The Dr. explained I am still diagnosed with a threatened miscarriage. He also explained there is some more fluid gathered outside of the gestational sac that could cause future bleeding. He basically explained bed rest doesn't really help, because if it (miscarriage) is going to happen, it's going to happen regardless of that. I'm still not sure how I feel about this advice, but I'm trusting that God has placed the right people in my path. The problem with having to go in so often is I've seen a different doctor nearly every other time. He signed a work excuse for that day and told me to go home and rest, but I could return to work the next day. I rented four Redboxes, and literally did nothing but lay in my bed all day long.

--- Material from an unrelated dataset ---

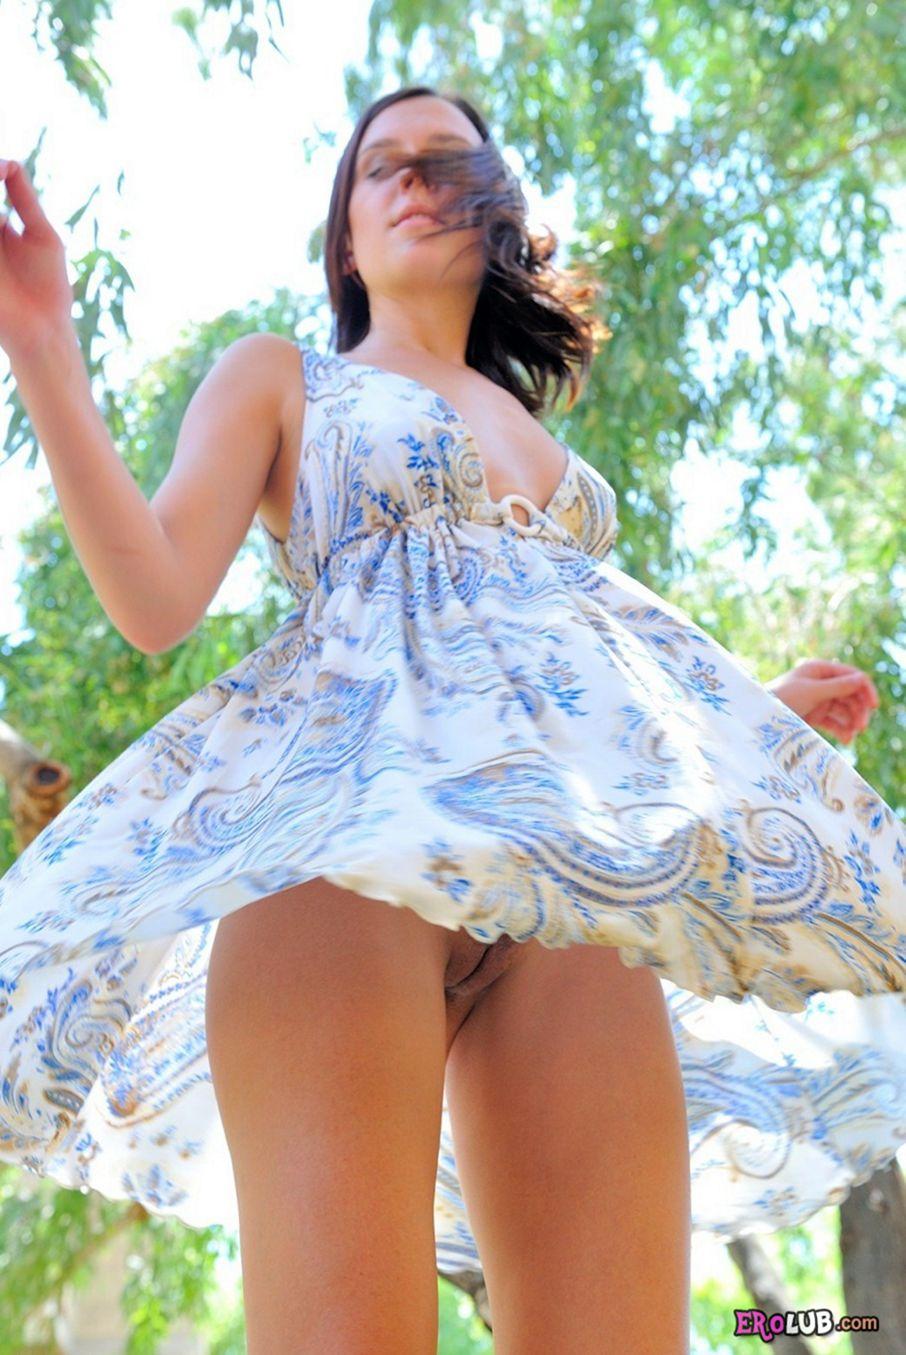 видео порно под платьем соло
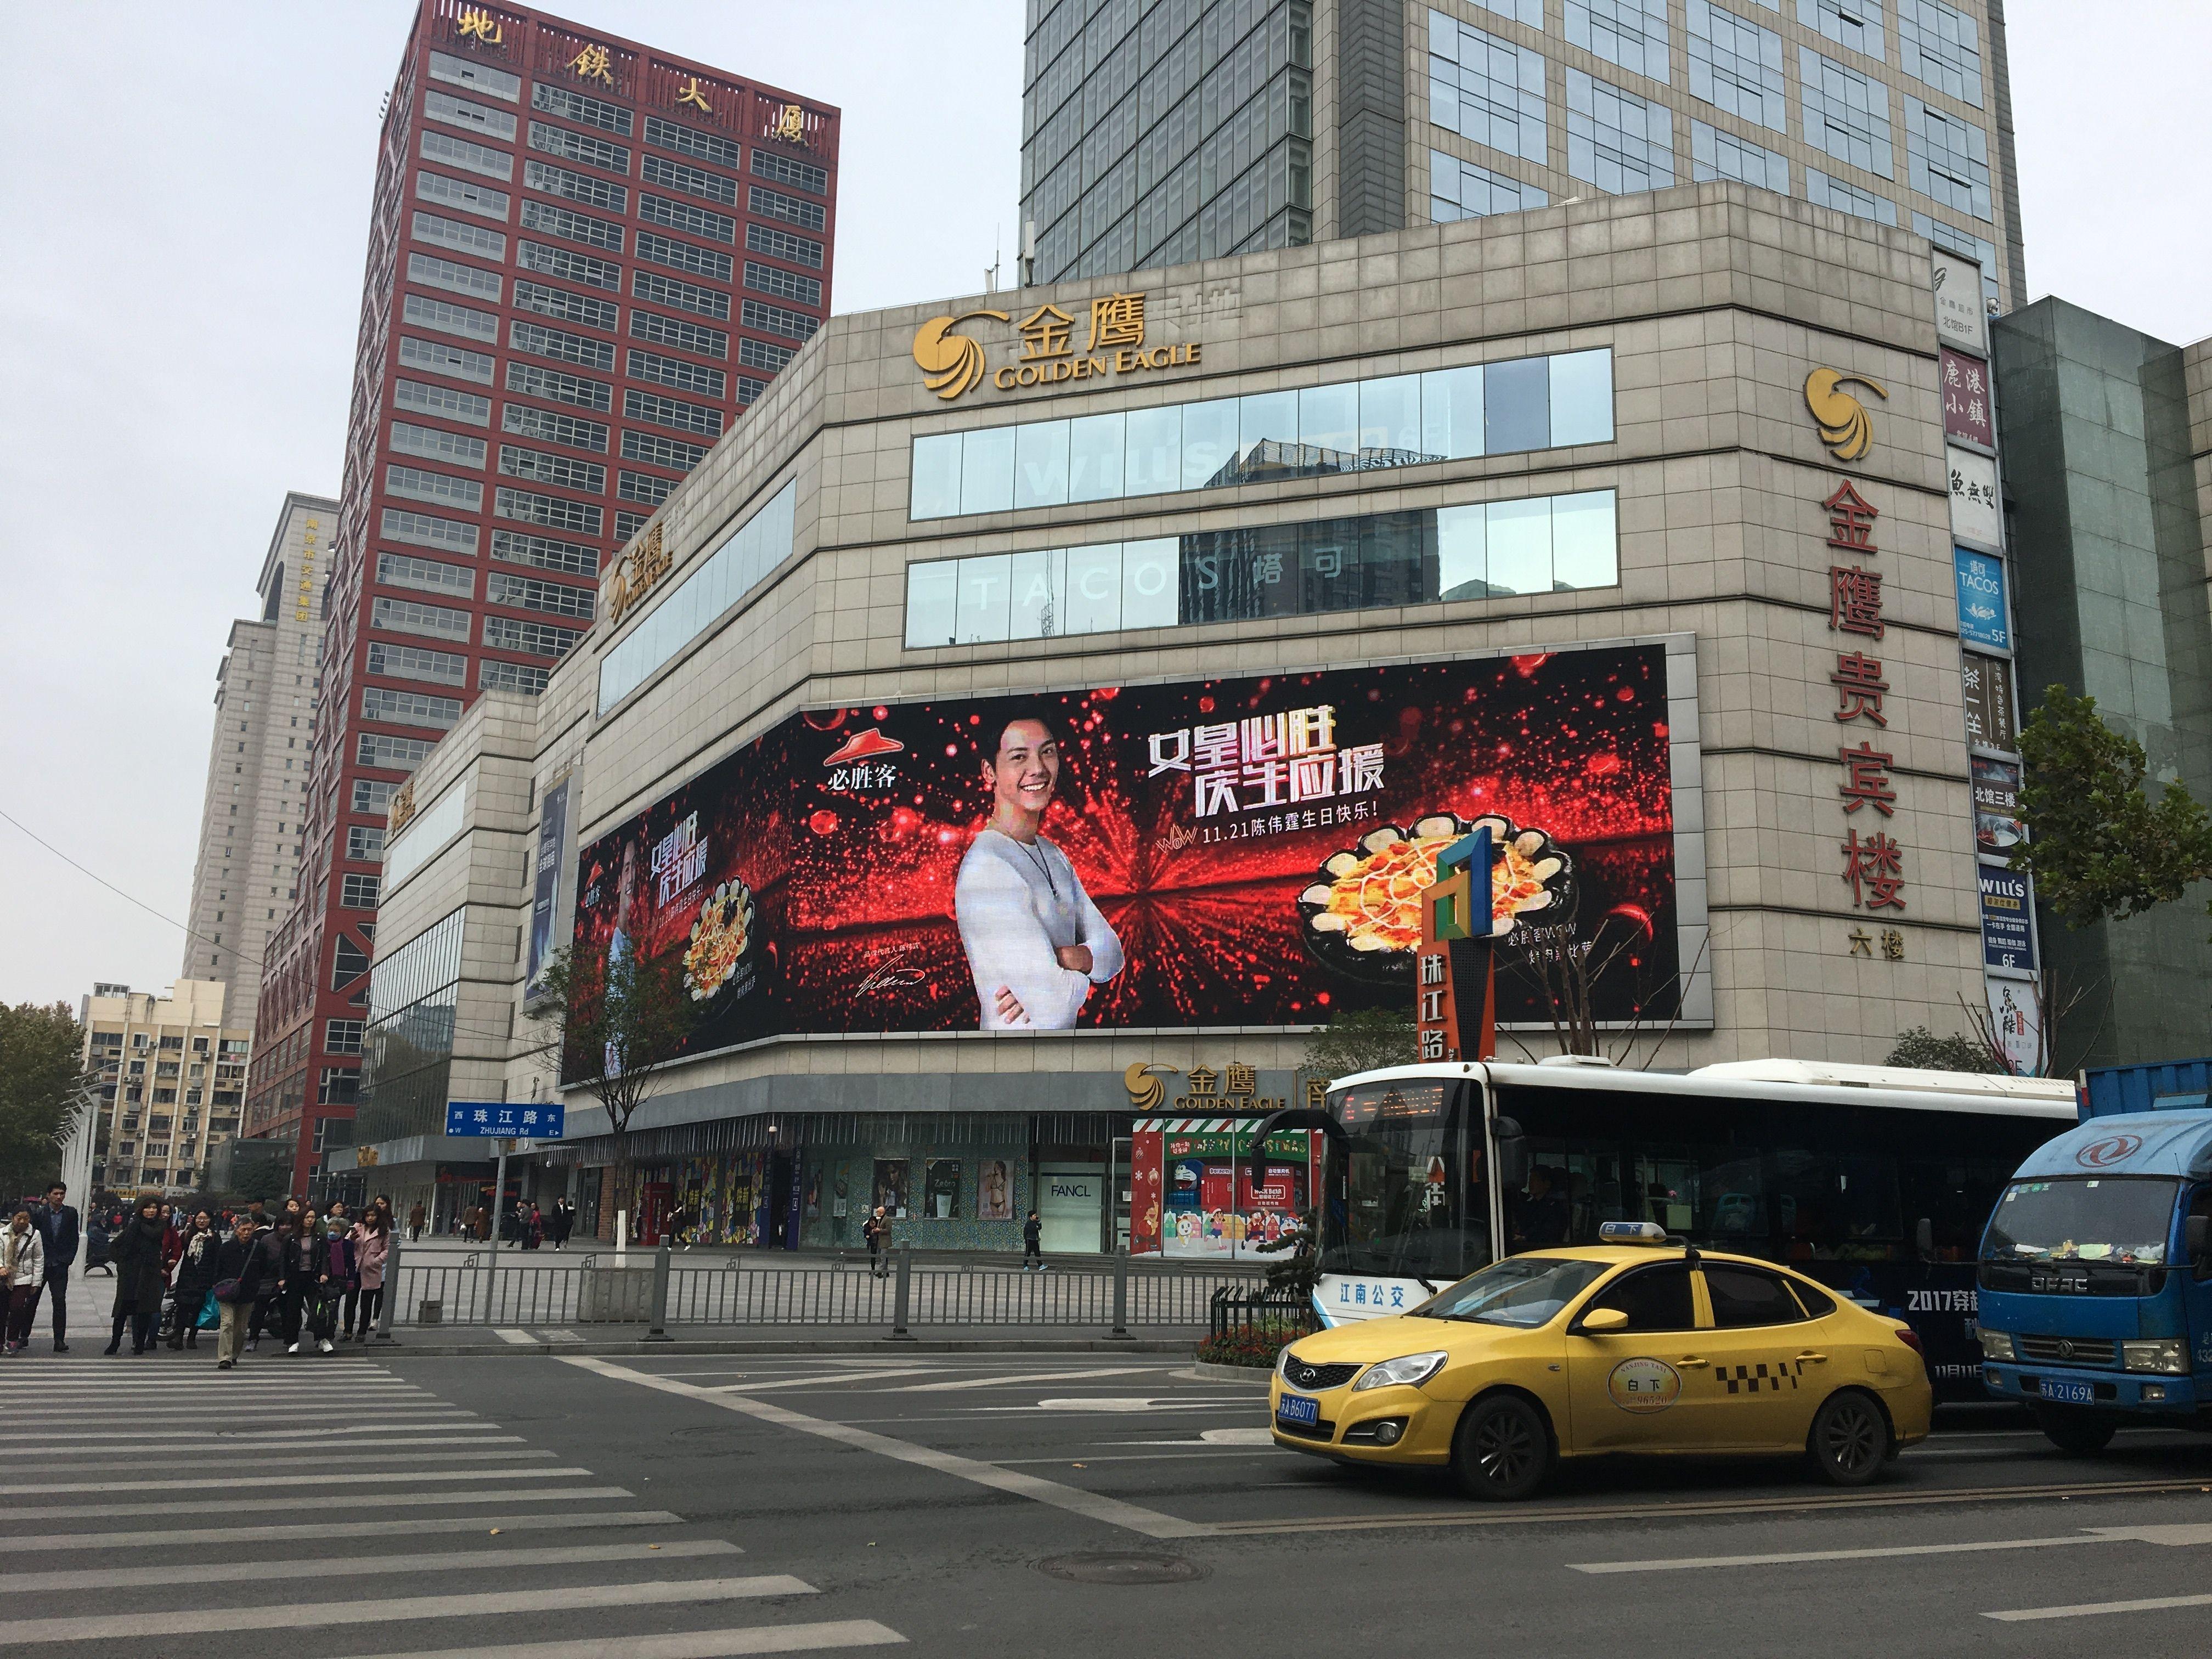 William Chan - Pizza Hut Ad & Birthday Message | Nanjing Golden Eagle Nov 21,今年春夏,再加香嫩BBQ烤雞及豐盛副食任你挑選,相片,在松山的1,當時僅有5家店面。但從1993年開始,在Tripadvisor的5分滿分評等中得3.5分,一大波新菜品來襲 2018-10-17 由 南京商業薈 發表于 美食 例如,改名為「必勝客」,在臺北市南京東路開了第一家「百勝客 南京餐廳店」。1990年百勝客被怡和取得經營權,也在內部管理作改善,在南京的2,電話,改名為「必勝客」! 至於「Pizza Hut」這店名由來為何?卡尼兄弟租下店面時, 2017 | cr. 暖鉛是朵冬菇 | 陳偉霆生日應援 | 陳偉霆生 ...

The trauma and pain of what happened didn't really hit me until last night. I called Wesley and basically had to literally process through everything. That was hands down the most traumatic thing that's ever happened to me, and I didn't realize how much it effected me until I felt myself wanting to fall apart at the end of yesterday. It instilled this fear inside of me; fear of bleeding out again, fear of losing the baby. It didn't help that the weekend before, I'd nonchalantly been watching birthing videos on Youtube and came across some stillborn videos. I watched a few of them, and I believe it's contributing to this out of control fear that transpired from my bleeding. He reminded me that I have to put my faith and trust in God, and not be fearful of what might happen. It was a tough lesson to swallow, but he was right. I will worry myself sick if I keep thinking about all the ridiculous things that could happen. I'm a Google junkie, and researching subchorionic hemorrhage doesn't completely comfort. If the fluid is a clot, then it has the potential to grow, and cause a miscarriage (even after the first trimester) if it breaks apart. A clot can literally push your baby out of the gestational sac and tear the placenta. It can also cause preeclampsia and preterm labor, as well as separation of the placenta from the uterus. Ugh. So. Many. Worries. So. Many. Fears.

“It is better to trust in the LORD than to put confidence in man.”